Perfusionists help patients with a variety of diseases including:

  • Coronary Artery Disease (CAD)
  • Valve Disease
  • Congenital Heart Defects
  • Dissections
  • Aneurysms: aortic, ventricular, giant cerebral
  • Transplants: heart, liver, lung, trachea
  • Other: limb cancer, hypothermic rescue

By connecting a patient to a Heart/Lung Machine, a perfusionist keeps the patient alive while the heart is stopped. This allows the surgeon to perform delicate surgery on the motionless and bloodless heart.

Coronary artery disease refers to the development of atherosclerotic plaques in the arteries of the heart.

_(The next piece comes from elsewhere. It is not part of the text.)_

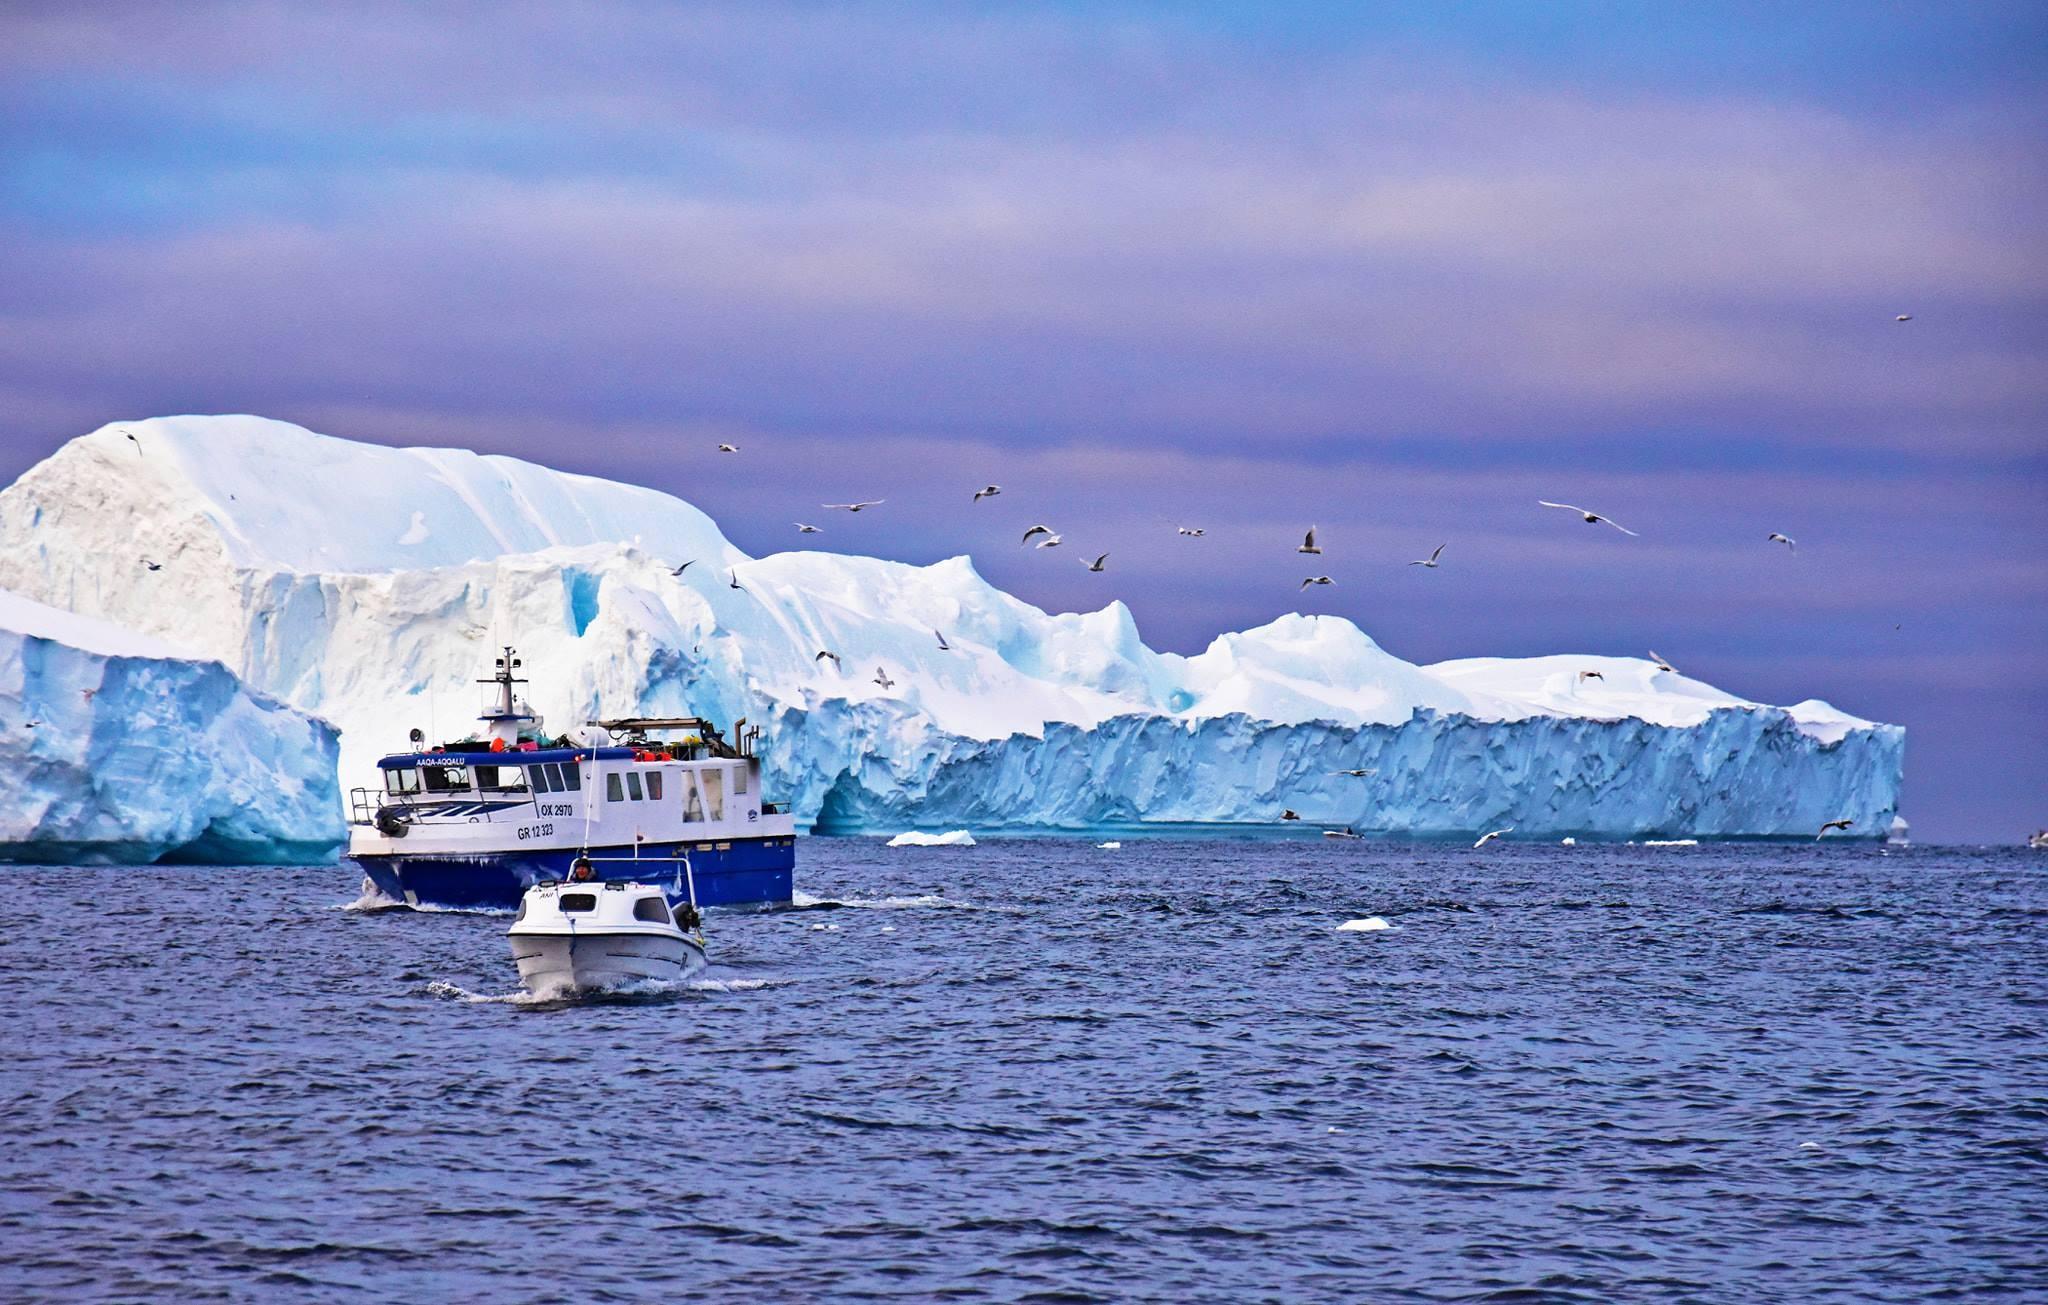 Cau chuyen Greenland va vung dat cuc Bac bi lang quen hinh anh 49

When this develops, the supply of oxygen-rich blood to the heart muscle is reduced.

Angina is the term given to the symptom of crushing chest pain that patients experience when the heart muscle does not get enough oxygen.

One treatment of coronary artery disease is Bypass Grafting.

This picture is a drawing of the heart as it would be viewed through the right wall of the chest. The picture shows plaque in the Right Coronary Artery (the red vessel) that is reducing the blood supply to the right ventricle. In the picture, this patient has received a single bypass graft (the blue vessel) that has been sewn onto the aorta and the right coronary artery.

This bypass graft now supplies oxygenated blood to the right ventricle distal to the plaque. To perform this delicate surgery, it is generally necessary to stop the heart. This enables the surgeon to place several hair-thin sutures in an area smaller than an eraser tip.

The clinical perfusionist is the professional responsible for keeping the patient alive while the heart is stopped.